Sendfile only works for copying data from a file to a socket, limiting its use. Linux introduced the splice system call in 2.6.17 to move data between two file descriptors:

#define _GNU_SOURCE /* See feature_test_macros(7) */
#include <fcntl.h>
ssize_t splice(int fd_in, loff_t *off_in, int fd_out, loff_t *off_out, size_t len, unsigned int flags);
Copy the code

Splice calls move data between two file descriptors without copying data back and forth between kernel space and user space. It copies len length data from fd_IN to fd_OUT, but one of the parties must be a pipe device, which is some of the limitations of Splice today. The flags parameter has the following values:

  • SPLICE_F_MOVE: Try to move data instead of copying it. This is just a hint to the kernel: if the kernel can’t start frompipeMoving data orpipeThe cache is not a whole page, and data still needs to be copied. The initial implementation of Linux had some problems, so from2.6.21This option does not work at first, but should be implemented in a later Linux version.
  • SPLICE_F_NONBLOCKspliceOperations are not blocked. However, if the file descriptor is not set to I/O in a non-blocking manner, then the call to Splice may still block.
  • SPLICE_F_MOREThe back of the:spliceThe call will have more data.

Splice calls take advantage of the pipeline buffer mechanism proposed by Linux, so at least one descriptor must be a pipe.

All of the above zero-copy techniques are implemented to reduce the copying of data between user space and kernel space, but sometimes data must be copied between user space and kernel space. At this point, we have to focus on when the data is copied in user space and kernel space. Linux often uses copy on write ** to reduce overhead, a technique often referred to as COW.

For reasons of space, this article does not cover write-time copying in detail. The general description is: If multiple applications access the same data at the same time, so each application has a pointer to the data, in each program’s view, oneself are independent with this data, only when a program need to modify the data content, will copy the data content to program their application in the space, at that time, the data become the private data of the program. If the application does not need to modify the data, it never needs to copy the data into its own application space. This reduces copying of data. The content copied while writing can be used for another article…

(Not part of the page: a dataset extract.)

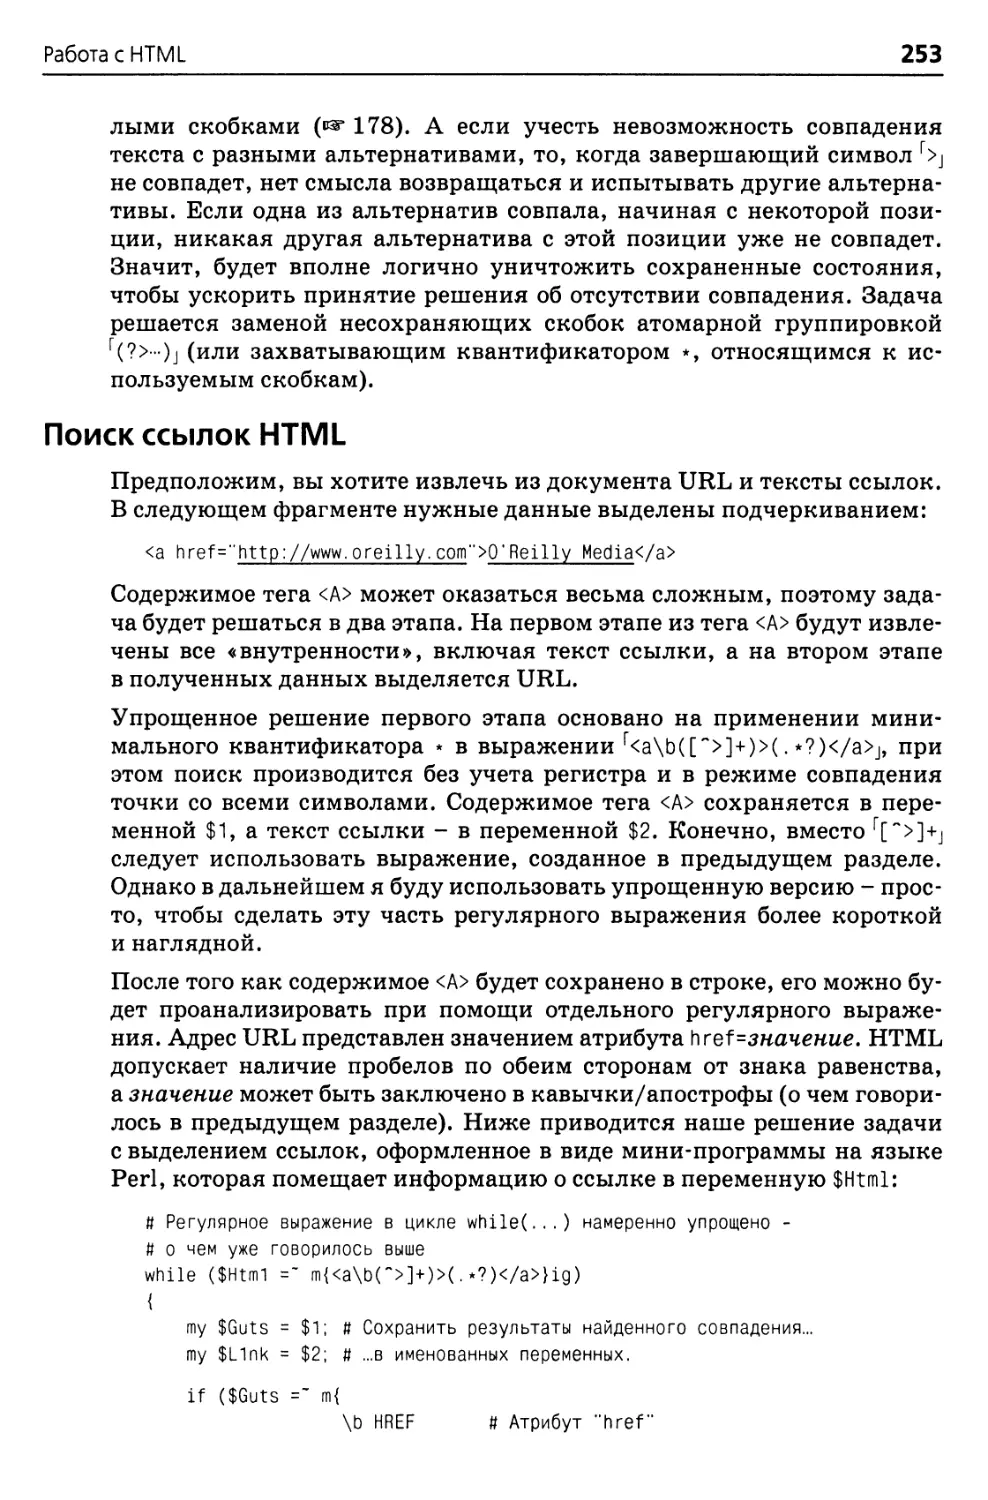 Поиск ссылок HTML

In addition, there are some zero-copy technologies, such as traditional Linux I/O with the O_DIRECT flag to directly I/O, avoiding automatic caching, and fBUFS which is not yet mature. This article does not cover all zero-copy technologies, but just introduces some common ones. If you are interested, you can explore them by yourself. Mature server projects also modify the I/O part of the kernel to improve their data transfer rates.